今ではIT系ライター・編集者のスタンダード(?)


 昔は同業者からも,「よく,ディスプレイなんかトランクに詰めて持ってくるね」と奇異な目で見られた出張多画面ですが,最近では同じことをする同業者も増えつつあります。同業者たちが利用しているのは,USB接続のモバイルディスプレイ,あるいはサブディスプレイと呼ばれるような小型の製品が多いようです。たしかに,USB給電で動作して重量も約1kgほどですから,LL-S201A以上に軽くて手軽です。

 この分野では,解像度1600×900ドットのLenovo製「ThinkVision LT1423p」や,解像度1366×768ドットのグリーンハウス製「GH-YSD16K」など,さまざまな製品が登場しつつあります。しかし,特殊なUSBグラフィックスドライバソフトをインストールする必要があることに,ボクは抵抗を感じています。
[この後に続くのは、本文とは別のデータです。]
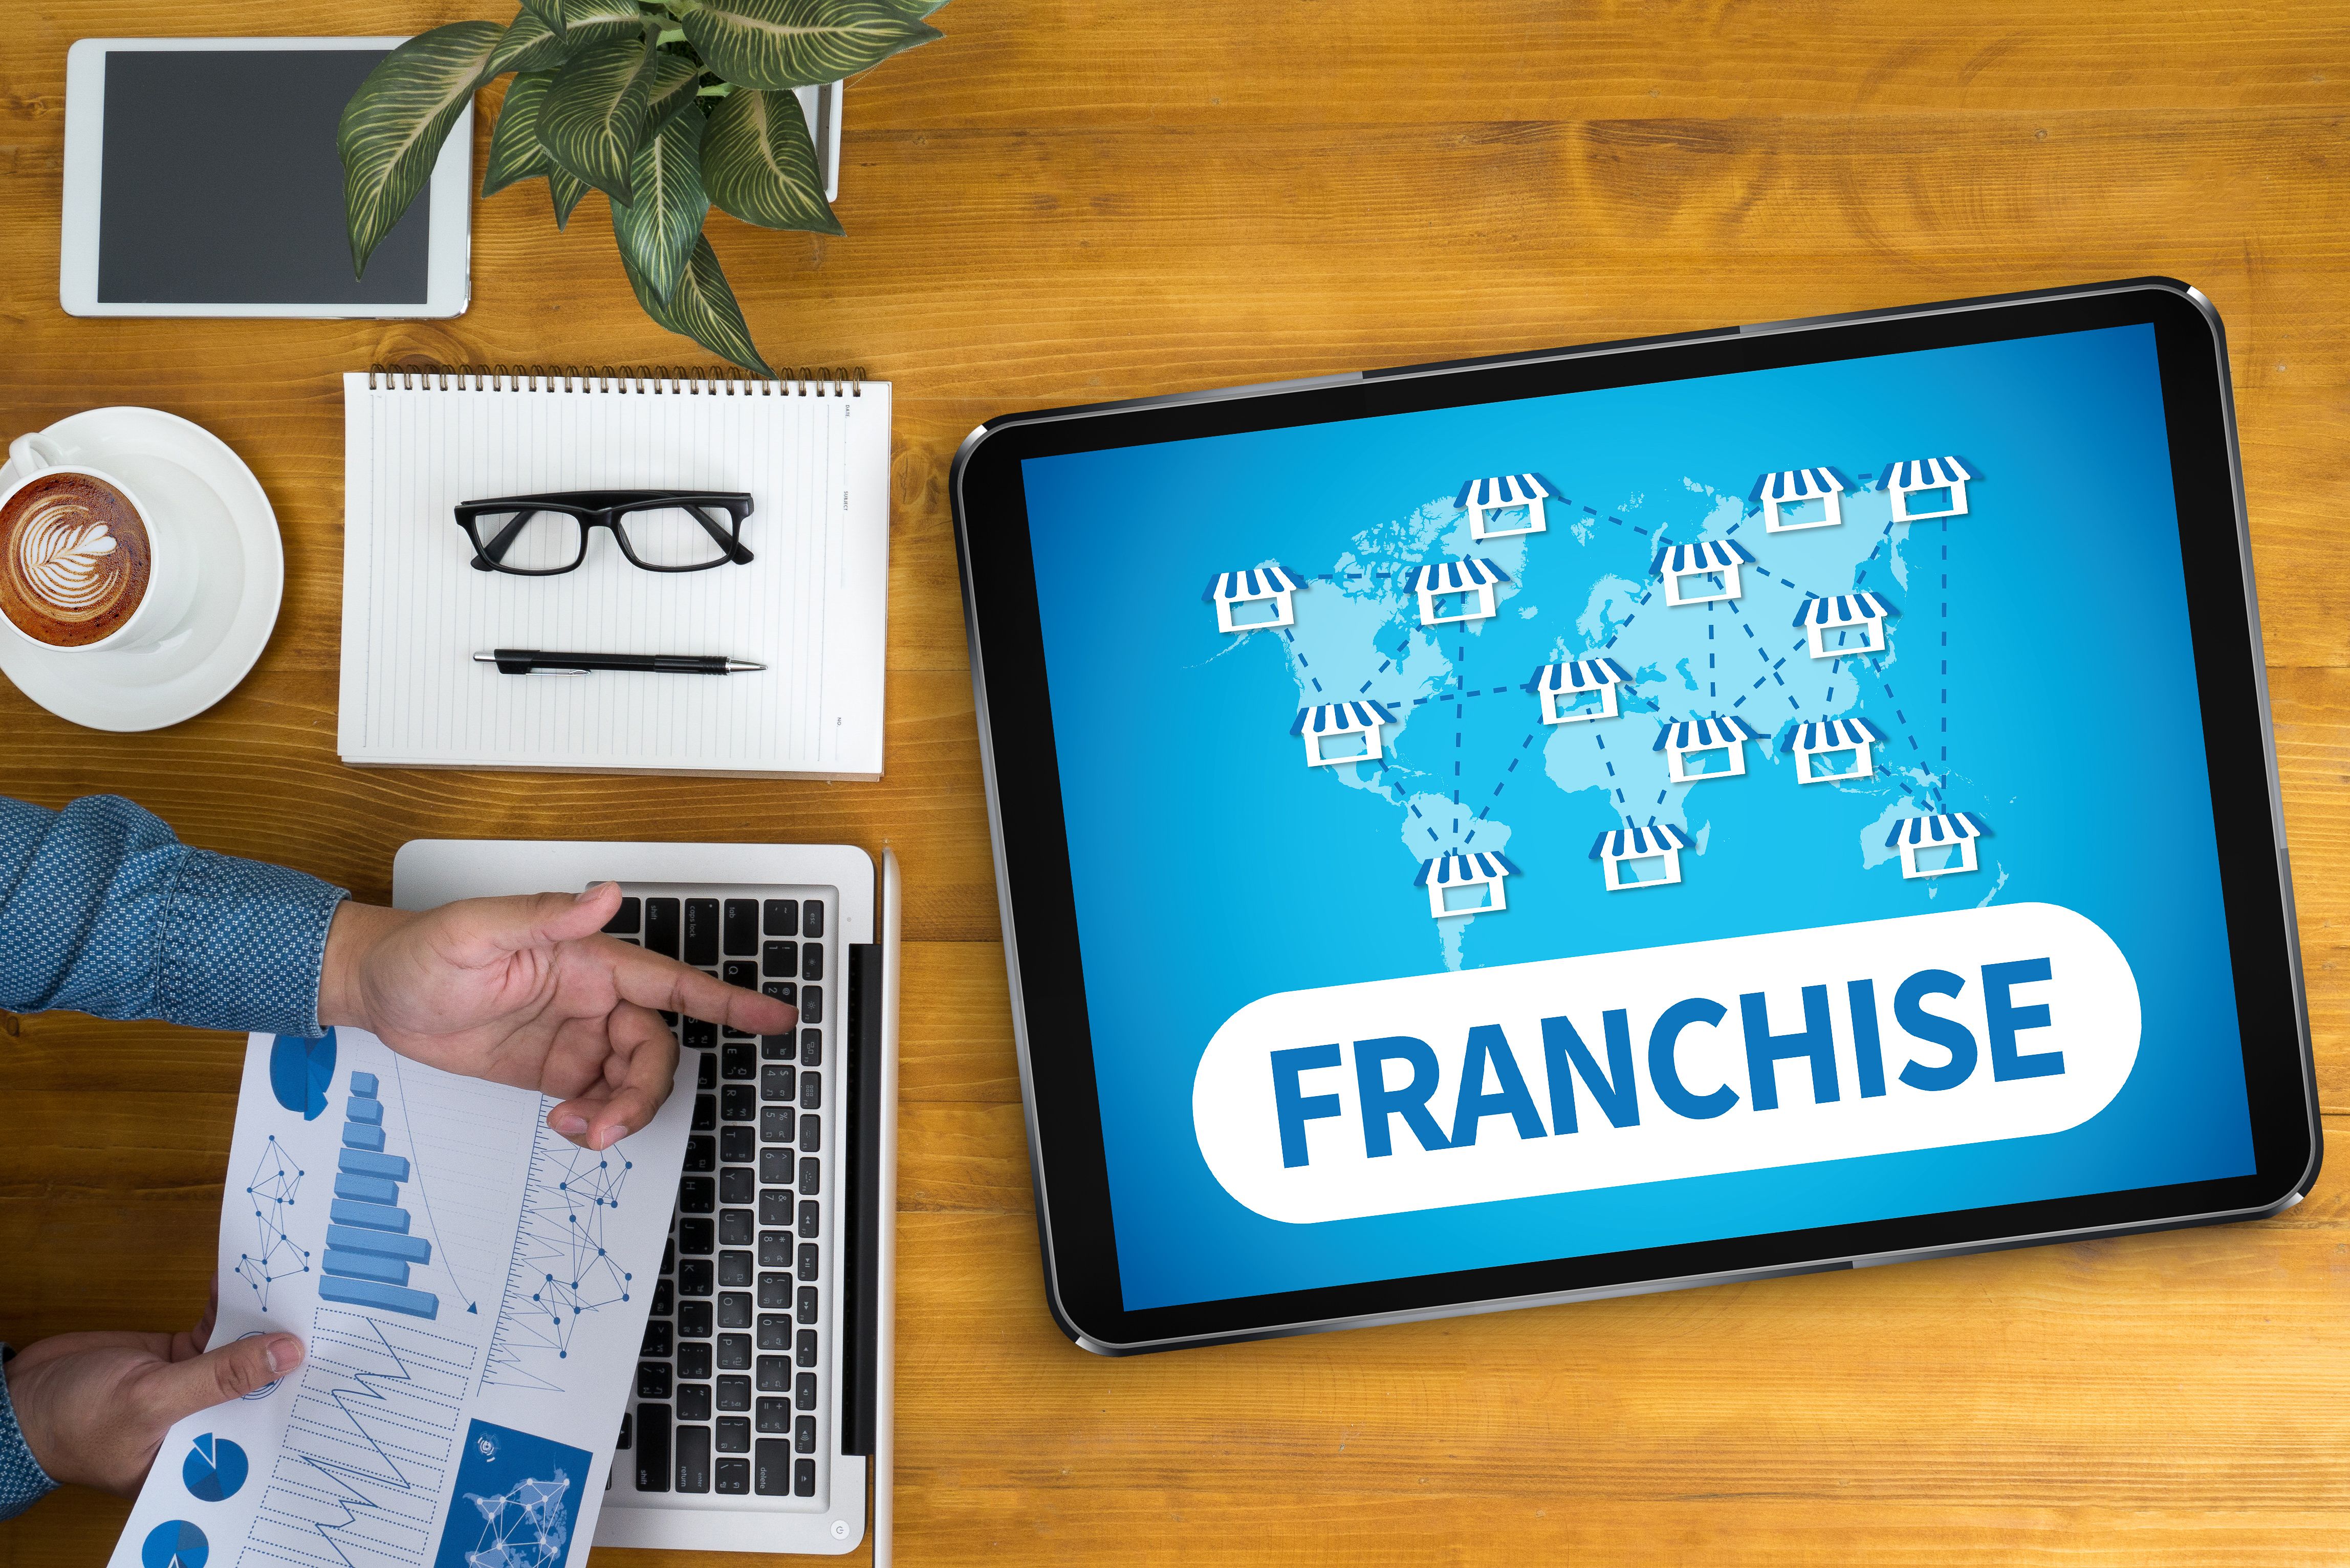 Protect the brand, boost your value: Ten things to know about franchising and IP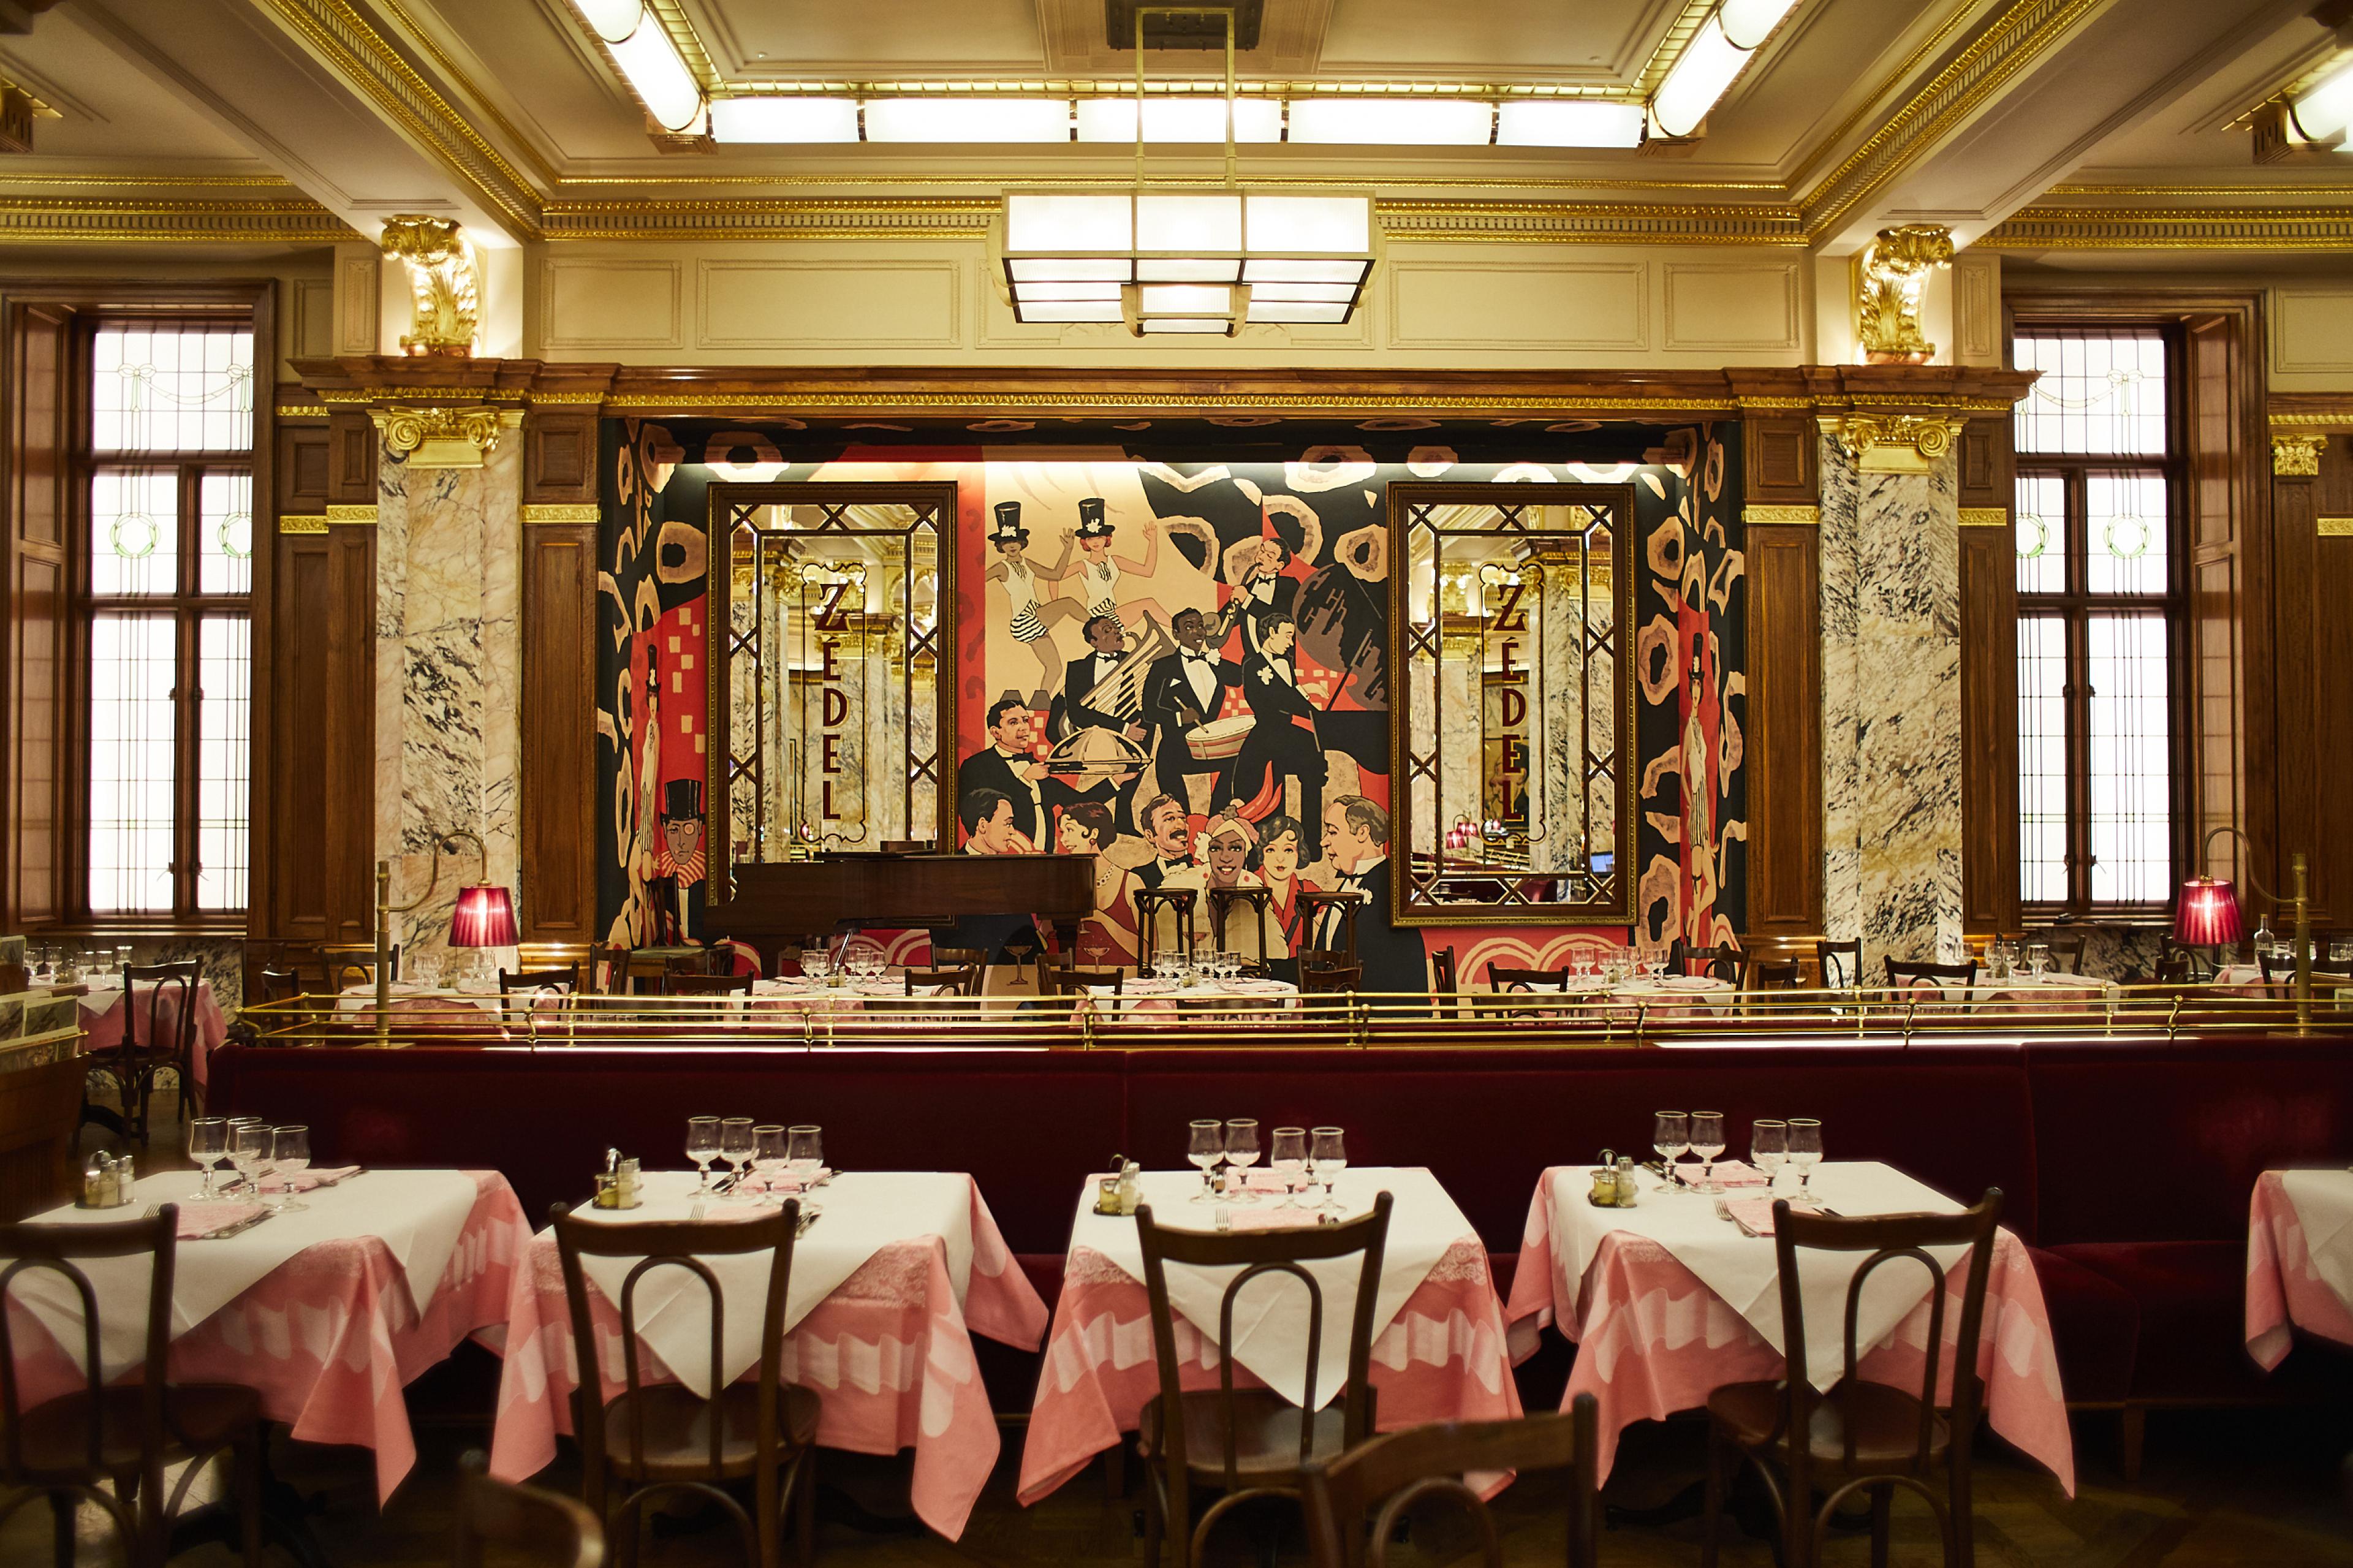 brasserie with pink tableclothes and a colorful mural behind the bar

 それに最近のノートPCならば,CPUに内蔵される統合型グラフィックス機能を使う製品でも,外部映像出力としてHDMI出力端子やDisplayPort出力端子が付いていますから,あえて汎用インタフェースであるUSB端子を使うのはもったいないというのも,USB接続ディスプレイを選択しない理由です。
 まあ,どちらを選択するかはユーザーの好みでしょう。というわけで,みなさんも,出張多画面を始めてみませんか。

■■西川善司■■
テクニカルジャーナリスト。年明け早々からCES 2014取材でラスベガスに赴き,日本に帰国後は,席を温める暇もなくアラブ首長国連邦のドバイへ出張と,1か月の半分近くを砂漠の都市ですごすことになった西川氏。ところが,ラスベガス滞在中に風邪を引いたうえに,直す余裕もないままの連続出張によりドバイにて悪化と,なかなかつらい1か月だったようです。「砂漠とは相性が悪いんですかね?」とも言ってましたが,ええと,なんて言うんでしょう。加齢による体力の衰え?